What does it mean when you call something “timeless?” A Dictionary.com definition is “referring or restricted to no particular time.” A British dictionary site defines it as “unaffected or unchanged by time; ageless.” And to fine-tune it more, I offer you “enduring,” a synonym for timeless.
To answer your unspoken question, the point of this brief vocabulary lesson is that I believe this one word – timeless – can be used as a clear and concise way to describe the Four Bitchin’ Babes®, who bring their current show, “Hormonal Imbalance v2.5: A Mood Swinging Musical Revue,” to the Levoy Theatre in Millville on Thursday, March 8.
And, honestly, as a person who has been a forever music lover and has seen more live shows than I could possibly chronicle, it seems like the Babes have always been around. However, it wasn’t until 1990, shortly after singer-songwriter Christine Lavin released “On a Winter’s Night,” a compilation of winter-themed folk songs, that they got together.
The lovely CD made a fairly big splash and Lavin decided she wanted to take the music on the road.
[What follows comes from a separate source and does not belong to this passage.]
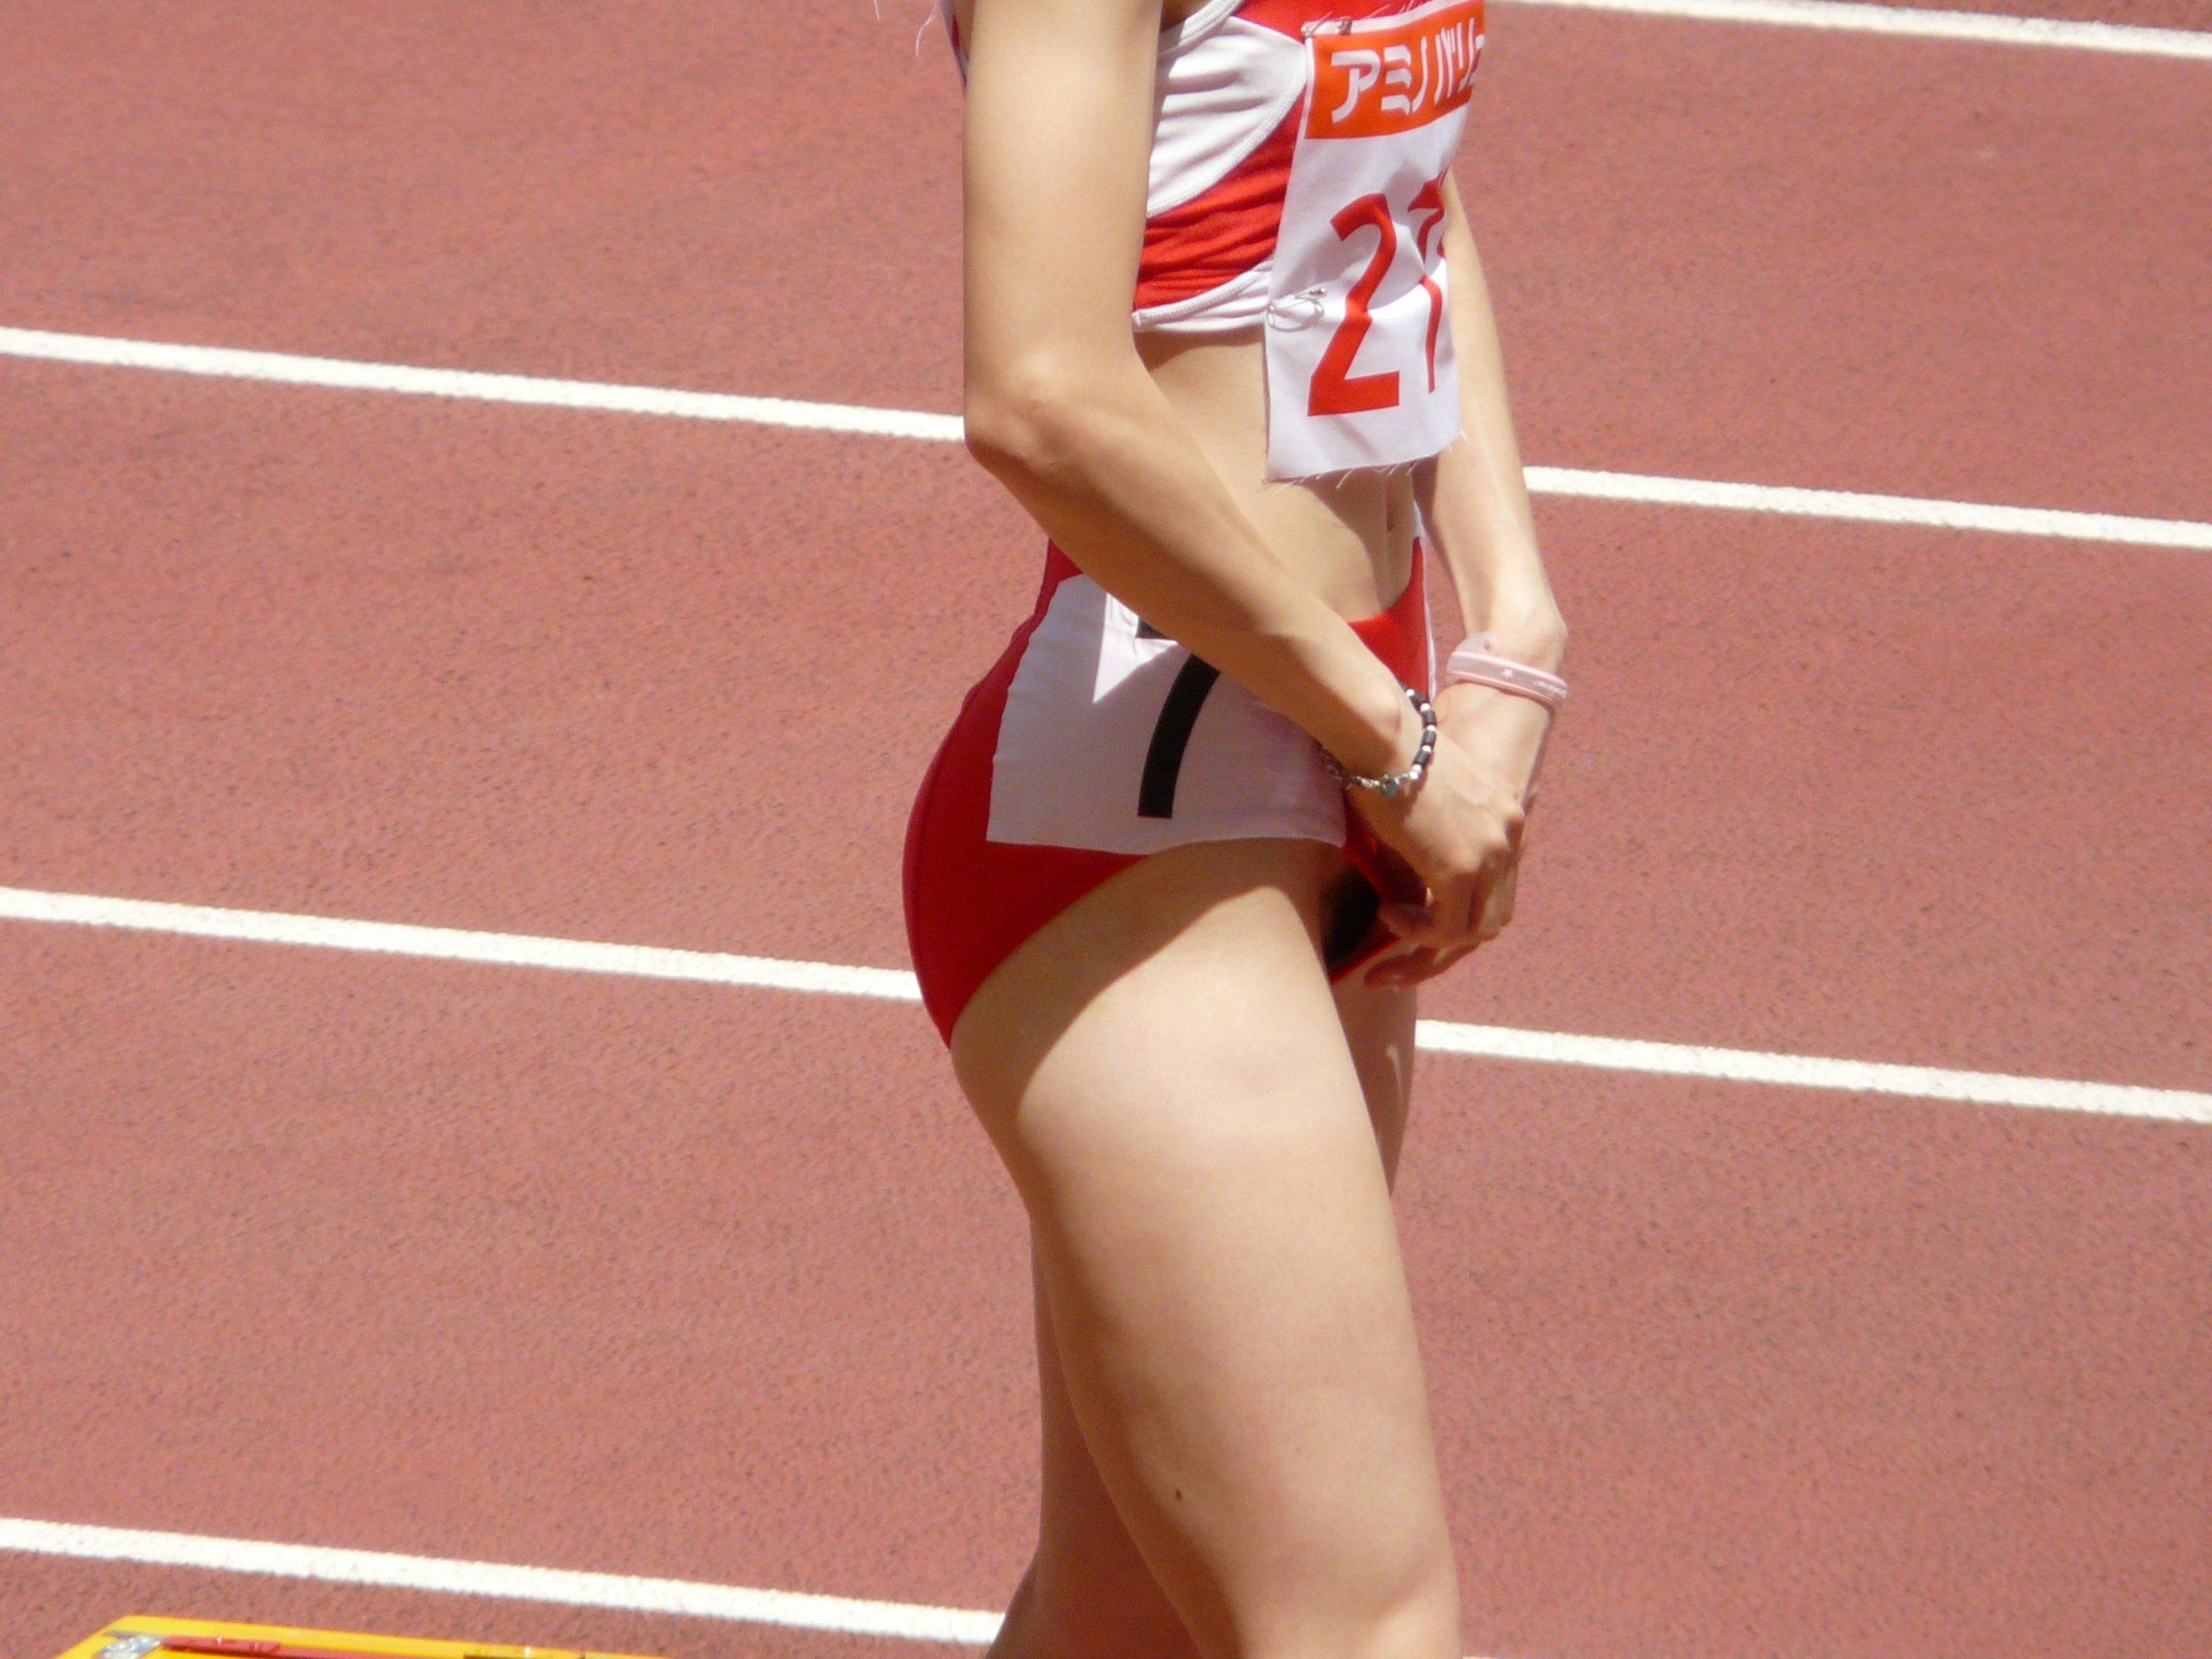 布の少ない陸上ユニフォームを着てパンツの位置を直す女子陸上選手の股間チラリ
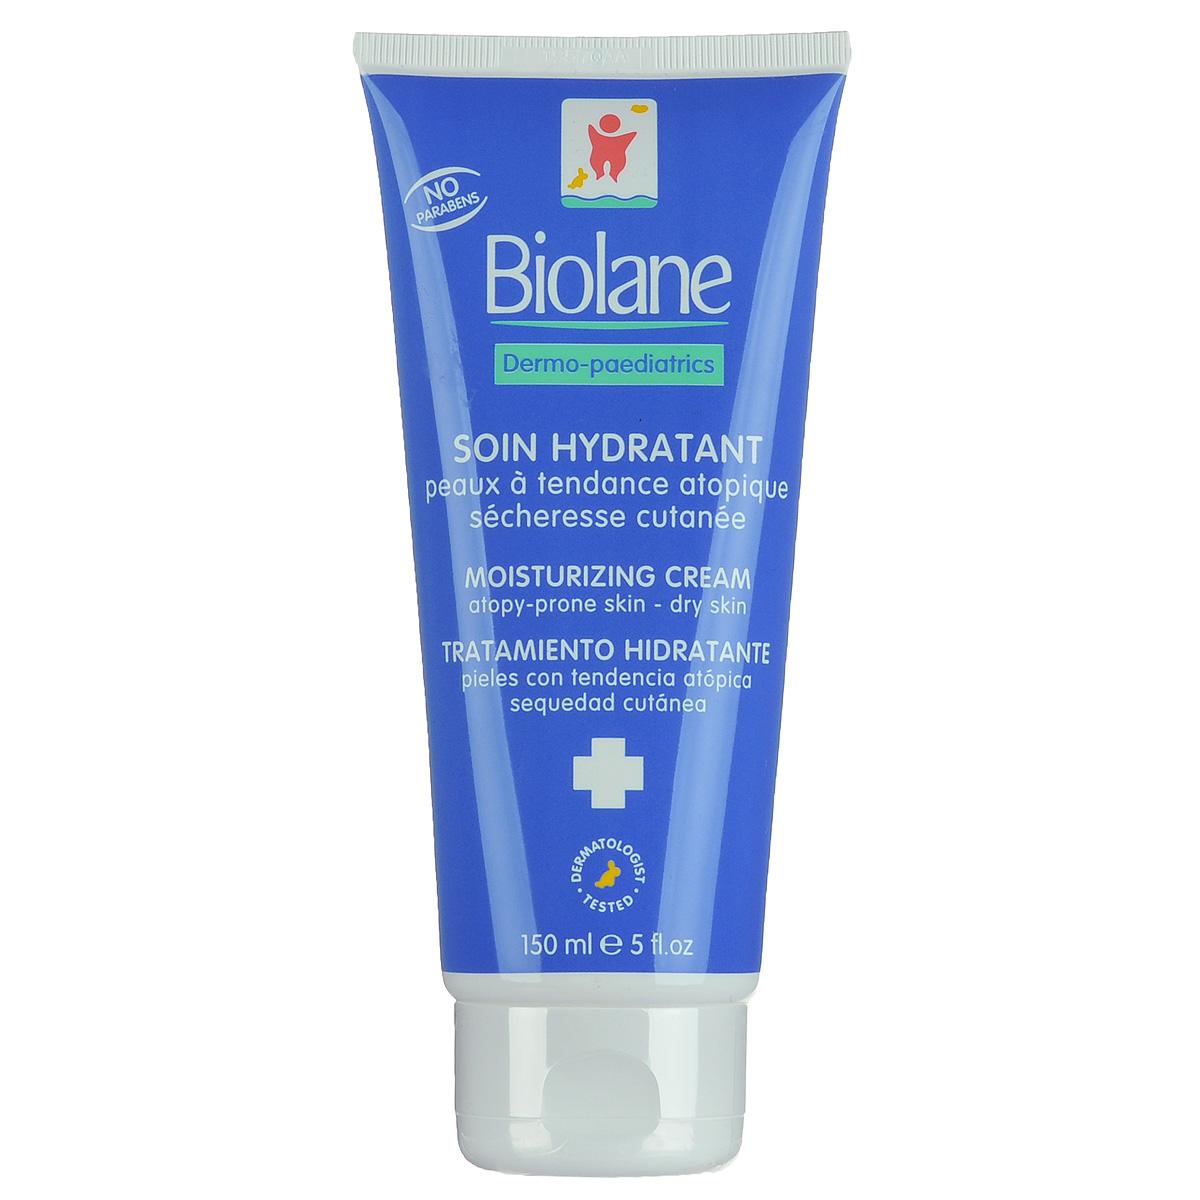 Biolane Детский крем-уход для лица и тела, увлажняющий, 150 млBSHEXPДетский крем-уход для лица и тела Biolane питает и смягчает сухую кожу грудных и маленьких детей, склонную к раздражениям. Представляет собой новейший комплекс увлажняющих и восстанавливающих веществ, включающих фосфолипиды, провитамин B5, аминокислоты и минеральные вещества и формулу Hydra-Bleine на основе масла зародышей пшеницы. Крем восстанавливает кожу ребенка, укрепляя ее естественный фосфолипидный слой: кожа младенца лучше противостоит внешнему воздействию (непогоде, трению о постель и одежду, и т.д.) Способствует регенерации поверхности кожи. Уменьшает раздражения кожи и укрепляет гидролипидную пленку на коже. Обеспечивает увлажнение и питание кожного покрова ребенка, снижает потерю влаги. Гипоаллергенен. Не содержит консервантов-парабенов и ароматизаторов. Товар сертифицирован.

The following summer, she gathered three gal pals – Patty Larkin, Megon McDonough and Sally Fingerett – and, fueled by friendship and an adventurous spirit, they set off.
I talked recently by phone with Fingerett and asked about the friends’ vision for that first tour.
“There was really no vision,” she laughed. “It was just Christine with an idea to have four women on stage, just for fun.”
They performed a dozen or so shows and, as their highly entertaining website states, “arranged fabulous harmonies, shared clothes and laughed more than legally allowed.” Then Lavin had another idea, to “make a memory” and record their final D.C.-area gig at the Birchmere in Alexandria, Virginia.
That was the night the Bitchin’ Babes were born.
The resulting CD, released in 1990, was “Buy Me, Bring Me, Take Me, Don’t Mess My Hair, Life According to Four Bitchin’ Babes Vol. I.” By virtue of being a live recording, the CD perfectly captured the excitement and spirit of the moment.
“We were four women, all composers, writing and playing songs that encompassed experiences from our different lifestyles,” Fingerett said. Each of them was involved in solo projects at the same time, Fingerett told me, “but, together we had no agenda.”
“We were just hanging out with friends and having fun,” And although there was what Fingerett called “strong connective tissue” between them, their configuration as a group was fluid.
For example, Larkin signed with a label and left for a solo tour shortly after the CD came out, bestowing her “Babe chair” to Julie Gold (of “From A Distance” fame). Gold stayed for two years of touring and was part of recording their second release, “Buy Me, Bring Me, Take Me, Don’t Mess My Hair, Life According to Four Bitchin’ Babes Vol. II,” which came out in 1993.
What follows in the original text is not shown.